Mark Schafer is an SSA Administrative Law Judge at the Little Rock Hearing Office with a lifetime approval rate of 35% across 25,377 decisions. This sits below the national average of 58%, but remains within a stable range for the office. Because case assignment is random, your specific judge matters. Aggregate rates describe past decisions, not predictions for your individual hearing. An attorney can help you prepare for this judge's specific bench.
This page presents publicly available SSA Office of Hearings Operations disposition data, with no editorial rating or evaluation. ALJs are independent decisionmakers; aggregate statistics describe past patterns, not predictions of how any individual case will be decided. Information here is provided for hearing preparation, not as legal advice.
Approval rates
Comparing a judge's lifetime approval rate to current office and national benchmarks provides context for your hearing. Judge Schafer has maintained a 35% approval rate over his 10-year tenure, while the Little Rock office currently reports a 41% approval rate. These figures are measured against a national average of 58%. Aggregate rates describe past decisions, not predictions for your individual hearing.
Office- and national-level breakdowns of fully favorable vs denial rates aren't currently published by SSA in the per-office disposition data. The judge's own breakdown is the detail we have today.
Approval rate over time
Year-over-year approval rate across Judge Schafer's docket. Annual rates fluctuate with the mix of cases SSA assigns; the longer-run pattern is more informative than any single year.
Decision pattern
Over 10 years on the bench and 25,377 total decisions, Judge Schafer has maintained a steady approval pattern. While his rate saw a temporary rise to 40% in 2022, recent data shows a return to 32% in the latest reporting period. This latest period reflects a continuation of his long-term trend, suggesting that his approach to evidence and testimony has remained consistent over the last decade.
Preparing for an SSDI hearing
The guidance below applies to any SSDI hearing, not specifically to Judge Schafer's bench. Judge-specific preparation guidance requires a corpus of public Appeals Council decisions involving each judge, which we haven't built yet.
- Bring a clean treating-physician record. Longitudinal primary-care or specialist notes spanning the disability period, with consistent symptom documentation, are typically the strongest evidence at hearing. A single month's records usually aren't enough.

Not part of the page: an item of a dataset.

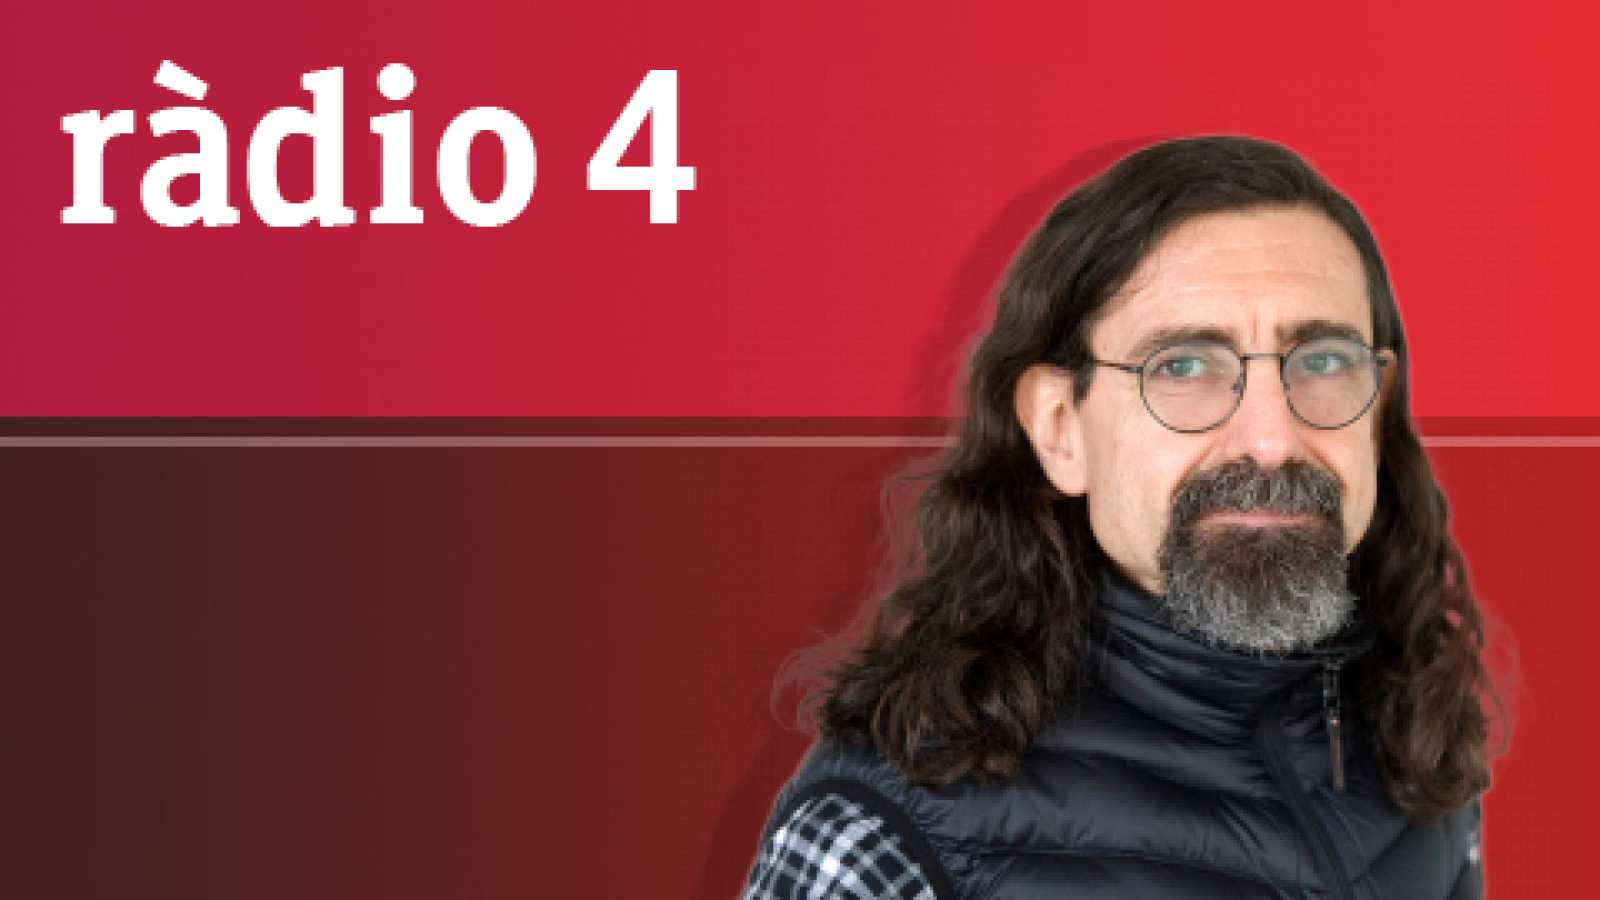 L'altra ràdio - 11 d'octubre 2013

- Don't rely on consultative exams alone. If your medical evidence is built primarily around a one-time CE finding, expect detailed questioning. Supplement with treating-source statements where possible.

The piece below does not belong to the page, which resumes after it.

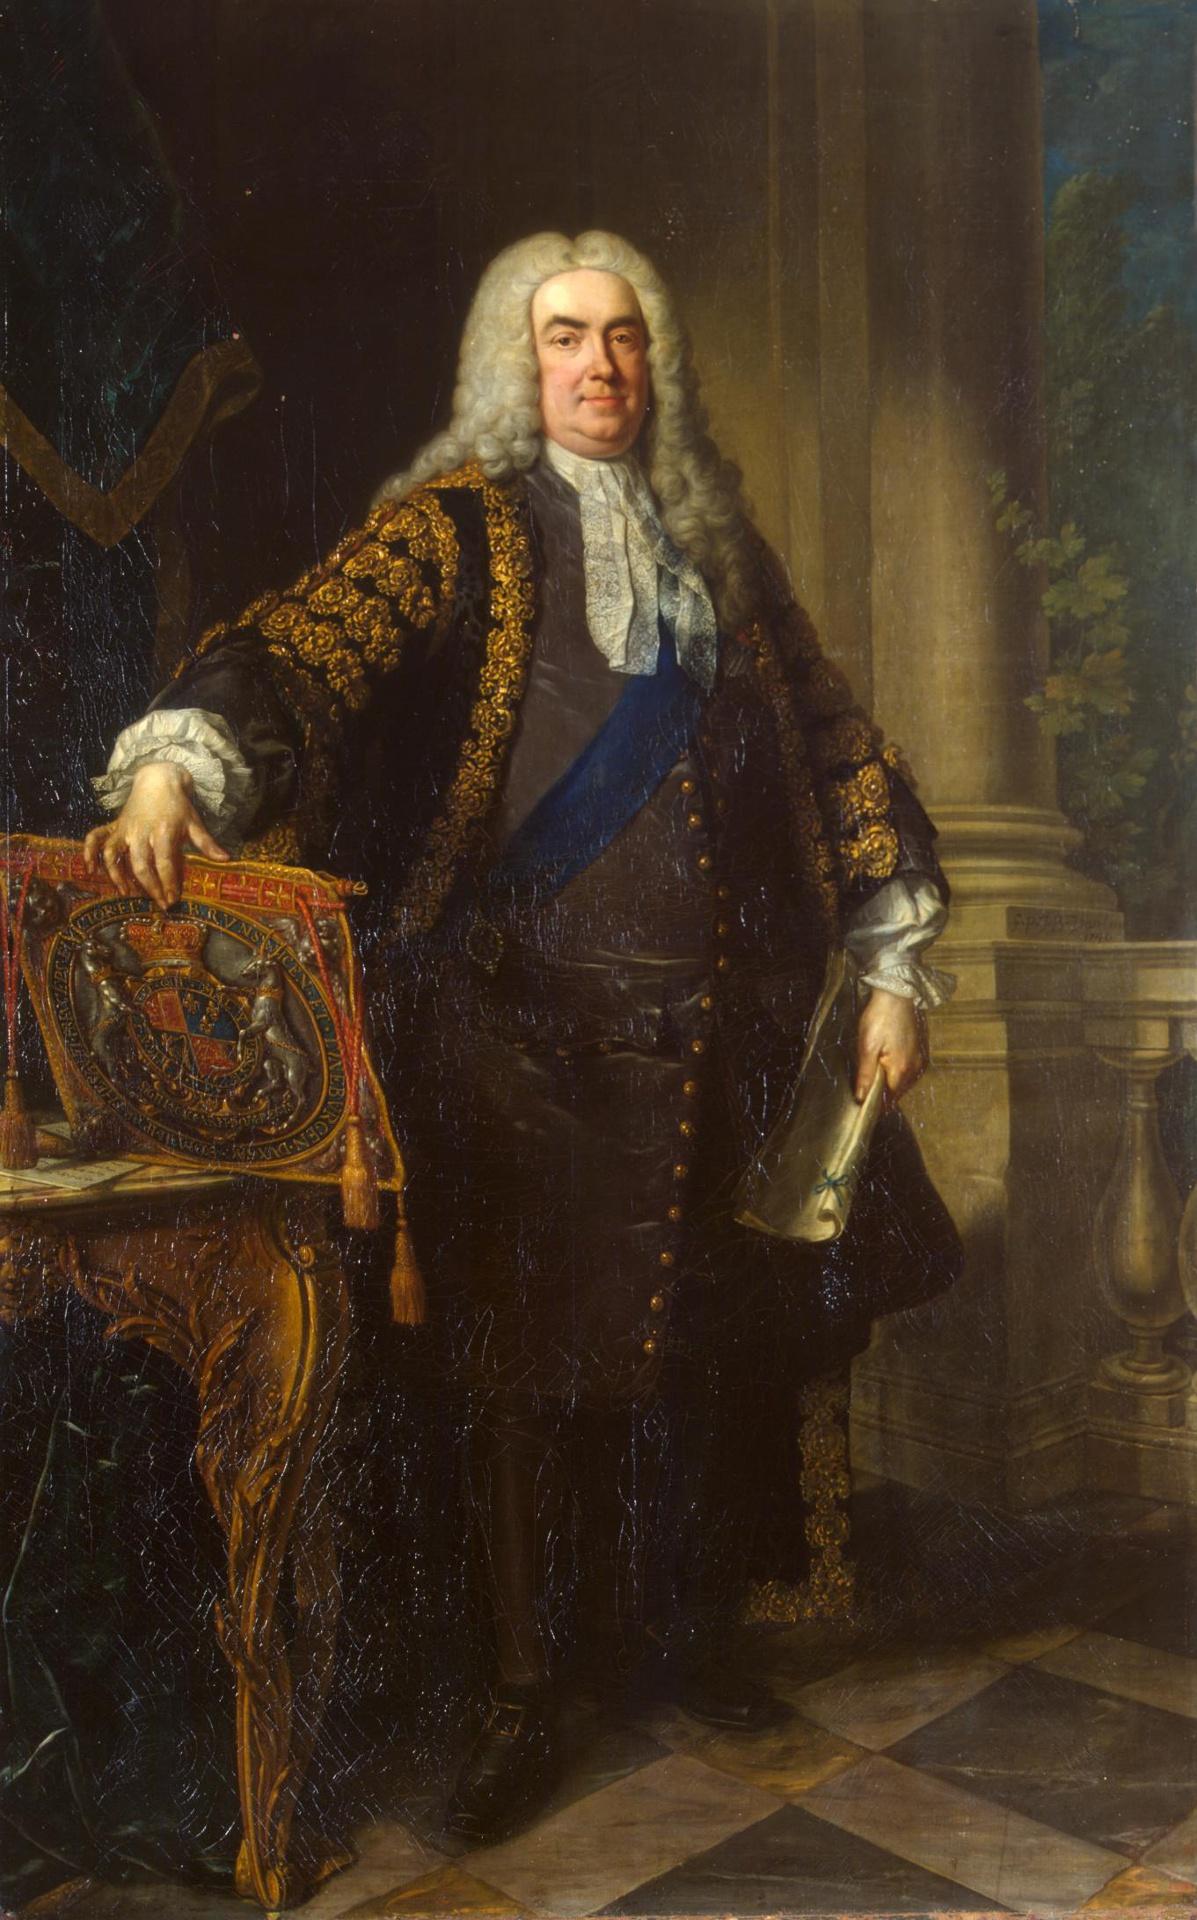 Премьер-министр сэр Роберт Уолпол (1676 — 1745)

- Prepare for daily-activity questions. Have honest, specific answers about a typical day. Answers that conflict with the medical record (in either direction) tend to hurt credibility.
- Expect transferable-skills probing. A vocational expert will usually testify about jobs available to someone with your limitations. Your representative should be prepared to cross-examine.

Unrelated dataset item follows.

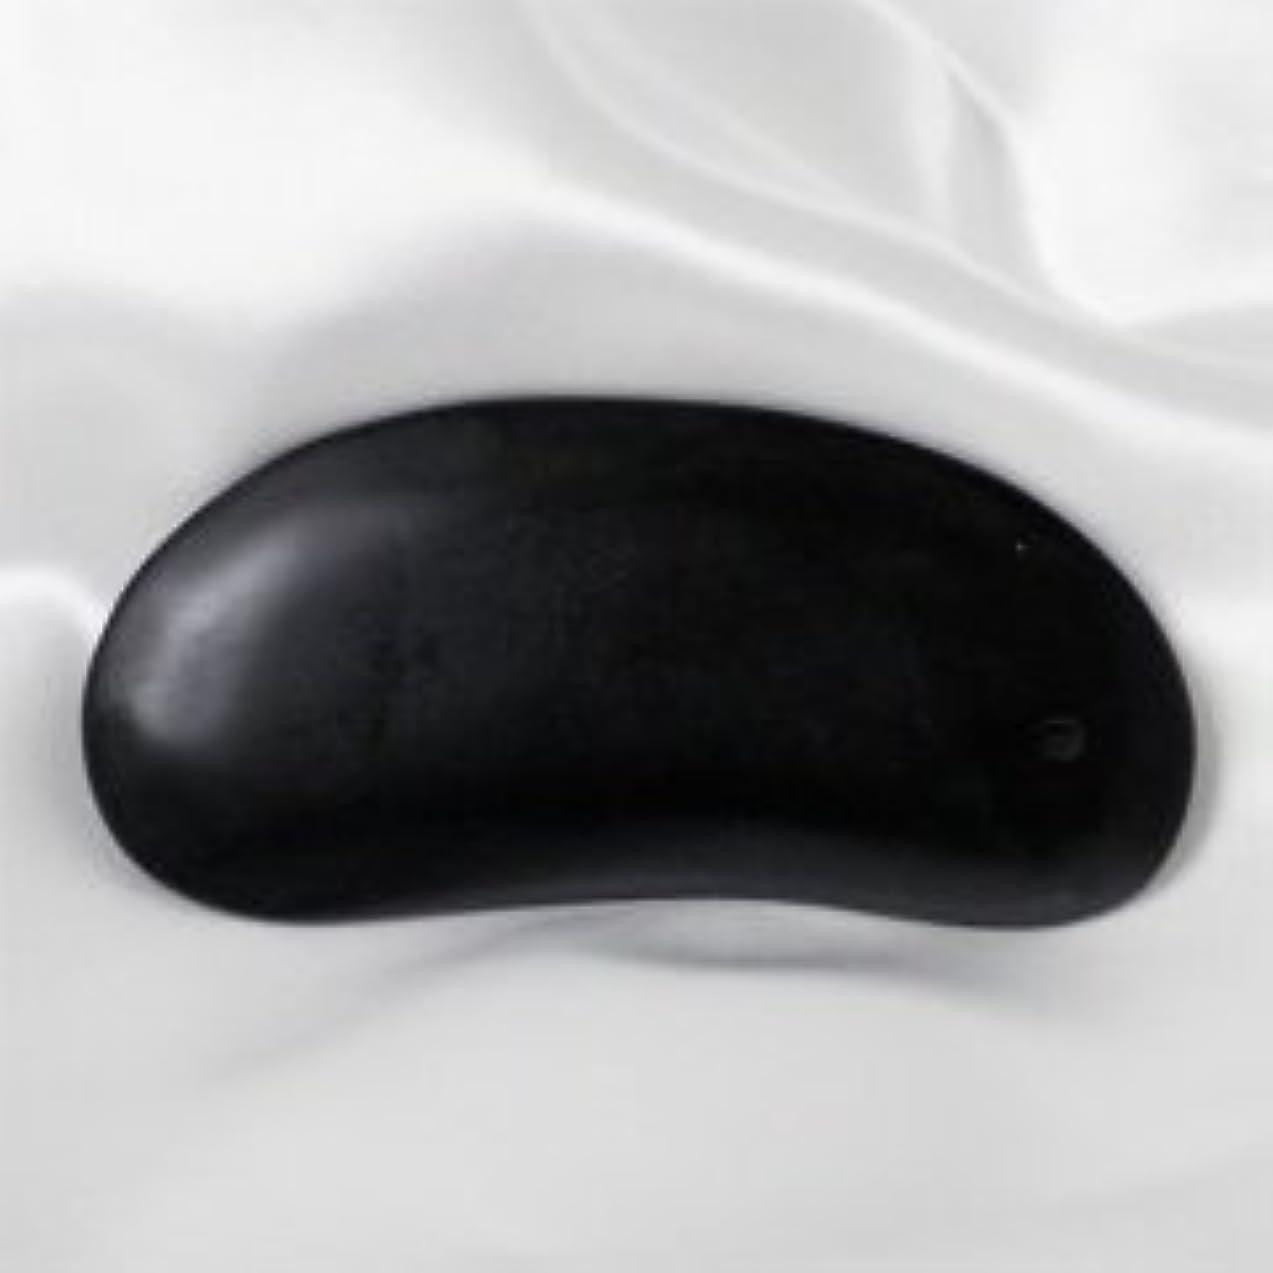 キャプチャーサッカーレイプ天然ベン石(泗濱浮石 しふんせき) カッサ、マッサージプレート

Hearing with Judge Schafer? See if a free benefits review fits your case.
Check My BenefitsAbout the Little Rock hearing office
The Little Rock Hearing Office serves you and other claimants throughout Arkansas and the surrounding region. With a bench of 6 judges, the office manages a high volume of cases to address your needs. The office currently maintains an approval rate of 41%, which serves as a baseline for the area. You can see the Little Rock Hearing Office page for the full ALJ roster.
Other judges at this hearing office
The Social Security Administration utilizes a workload-balancing algorithm to assign cases, meaning your assignment to a specific judge is essentially random. Within the Little Rock office, lifetime approval rates among the 6 judges range from 27% to 52%. Because of this variance, understanding the local environment is helpful for your claim. You can view the Little Rock Hearing Office page for the full ALJ roster.